In October 2005, Xian hosted the 15th General Assembly of ICOMOS (International Committee for Monuments and Sites), a non-governmental organisation that aims to protect heritage sites worldwide. The local government carried out this prestigious duty with awesome pomp and ceremony, impressing the 600 foreign delegates.
However, one Chinese delegate and prominent heritage expert privately described Xi'an as a dismal Chinese version of Disneyland. Xi'an, the delegate posited, is not cultural history, but invented fantasy. This recurring formula of historical reinvention and reinterpretation is a highly effective method of validating current demolition in the name of progress. In Shanghai, this formula has been executed at the site of the first congress of the Communist Party, now attached to a prosaic tourist and shopping complex known as Xin Tian Di.
Most people, excluding its developer, herald Xin Tian Di as one of China's most successful examples of architectural preservation. It is not. Just like Xian's city wall, it is reconstructed fantasy. The forces of politics and economics have created this site while the local population that lived in this part of Shanghai, who know nothing about and care little for the tawdry idiocies of a consumer culture of which they will never be part, have been forcibly evicted from their homes and banished to the suburbs, in order that tourists can be fed disproportionately large servings of historical events and wealthy visitors can sip coffee in a faux-traditional environment and claim to have experienced the real China.
Making money, making history
China's unique breed of capitalism has brought undeniable wealth and opportunity to many, but it is far less effective in safeguarding the property of the disempowered. All housing was acquired by the government after 1949 and only since the 1990s has private ownership been reintroduced. China's nationalised housing stock, once seen as the solution to the country's chronic urban housing problems, is today an ageing and under-maintained resource that is a tremendous burden on the public purse. The cheapest solution is to sell it or raze it and start again. Developers comfortably legitimise the expunging of entire neighbourhoods while making unimaginable private fortunes in the process, because the inhabitants of nationalised housing have no rights of abode and are considered, as one prominent developer described, "squatters".
In Tianjin, over Christmas, the UK Times reported a sit-in protest by nuns and priests of a Catholic community situated in the heart of the old city against the developers who wanted to demolish their religious compound.

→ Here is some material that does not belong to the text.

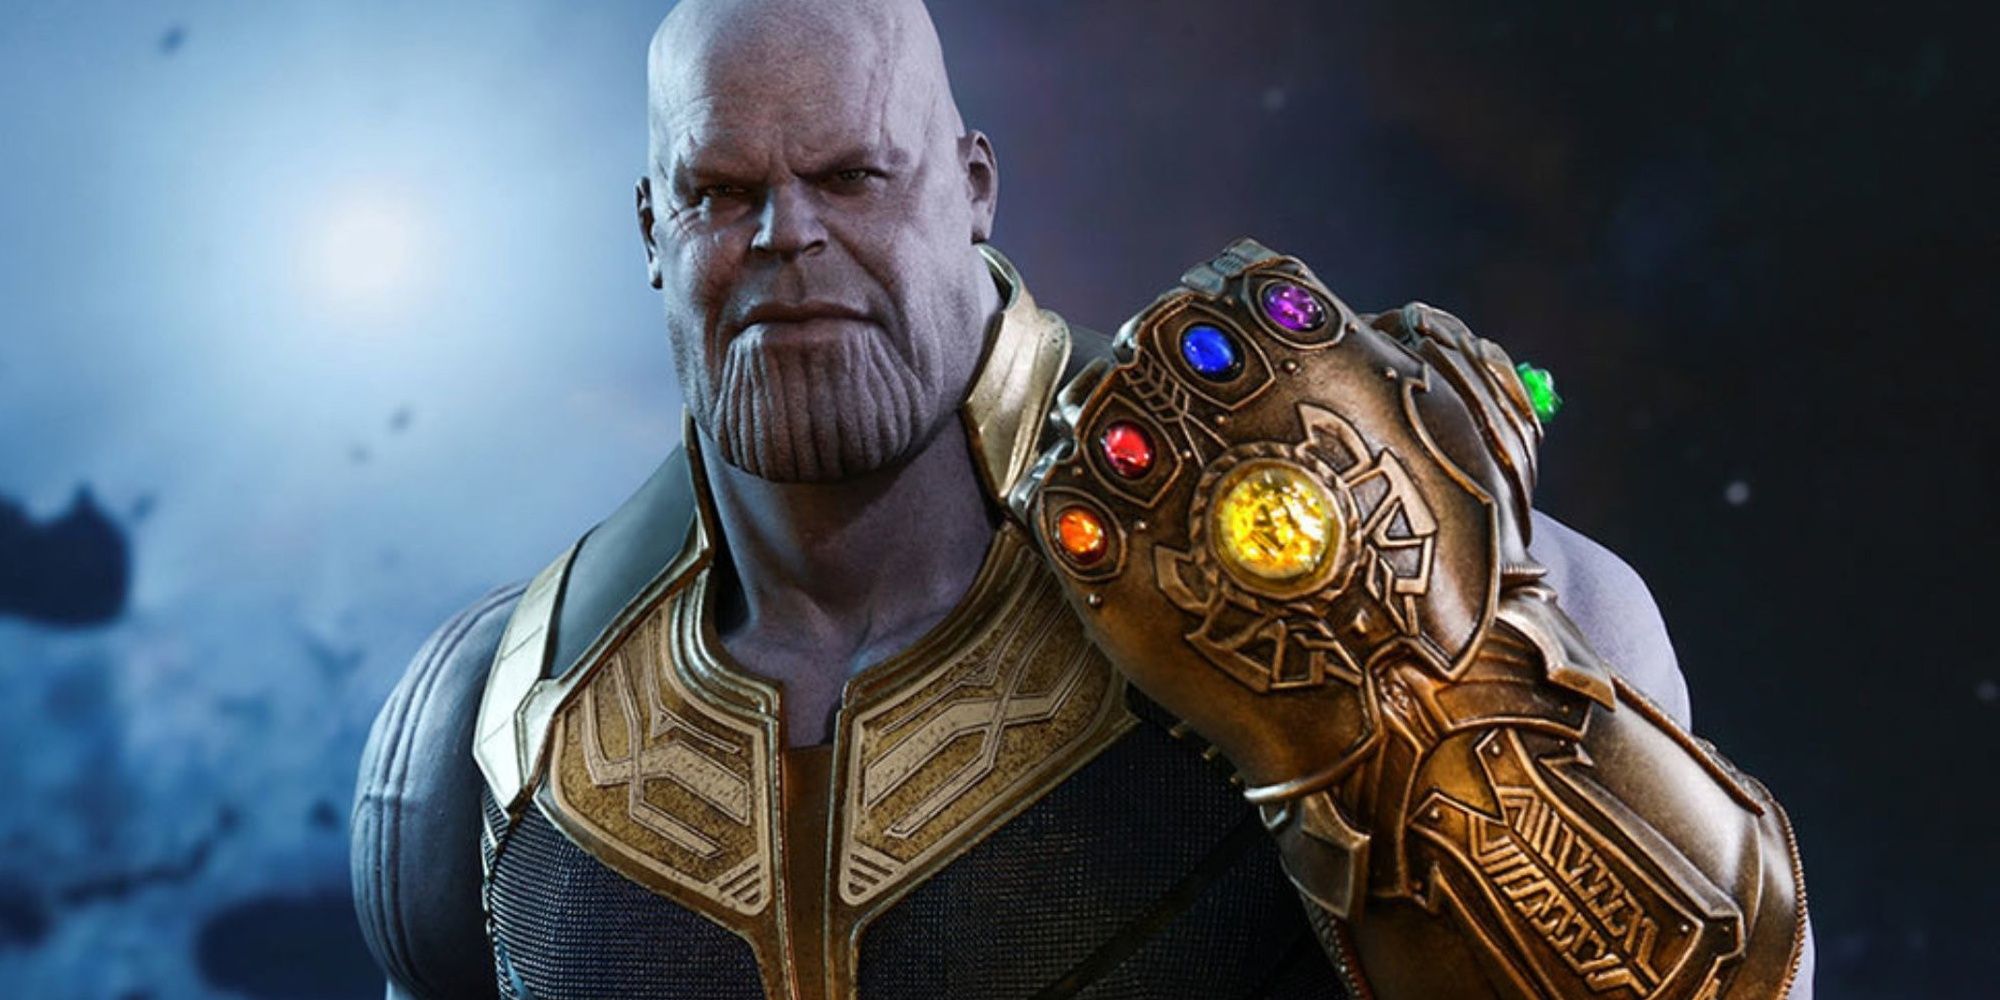 Thanos with a full Infinity Gauntlet
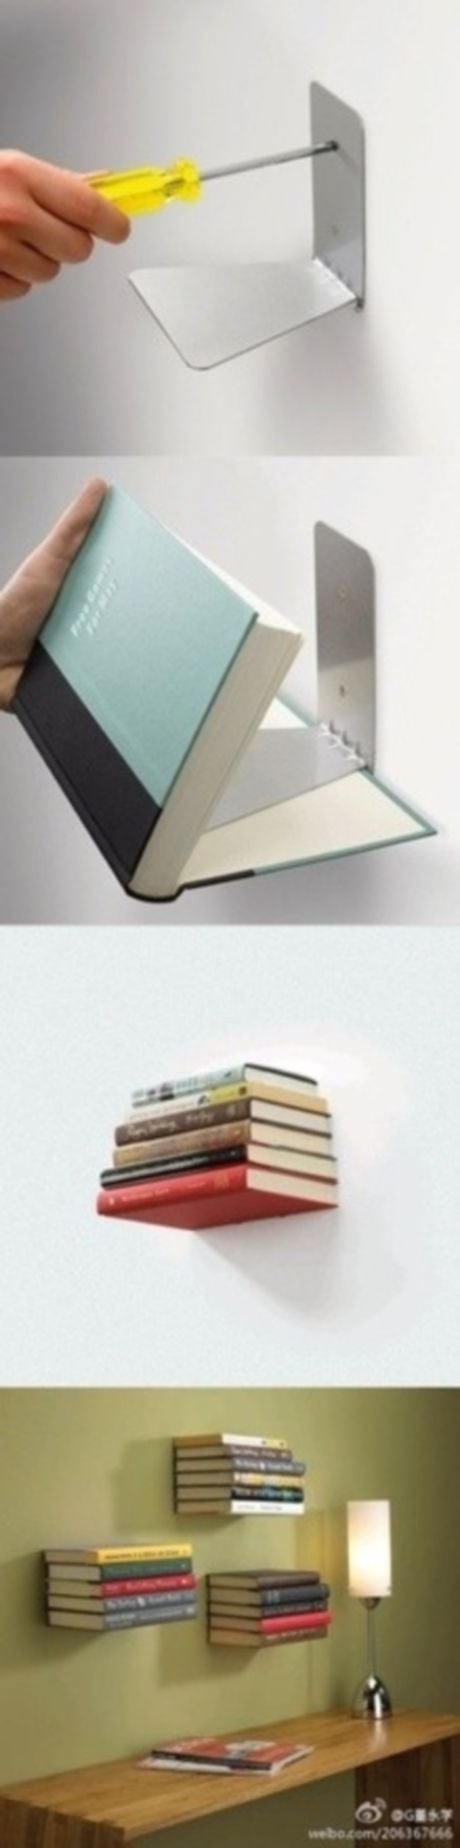 Top 40 DIY Projects Gadgets And Ideas For Your Home-homesthetics.net (5)

The peaceful demonstration by these "squatters" was allegedly interrupted by a group of hired thugs. This insidious tactic is becoming increasingly common in China, as the corrupted intimidate those who try to oppose abuses of power that range from crooked business activities to major environmental degradation.
As China's rapid growth continues, friction between different interest groups will intensify. While the future of the former Holy Trinity seems assured, the fate of innumerable less consequential structures remains uncertain. Gaining access to or taking photographs of such sites often invites the worst excesses of officiousness by ageing gatekeepers or, worse still, arrest. In a country where even the ruling party has yet to reach a consensus on an interpretation of its tenure, it is hardly surprising that the physical manifestations of history are so sensitive. For the time being, it is expedient to let people see only what you want them to see, while history is reconstructed.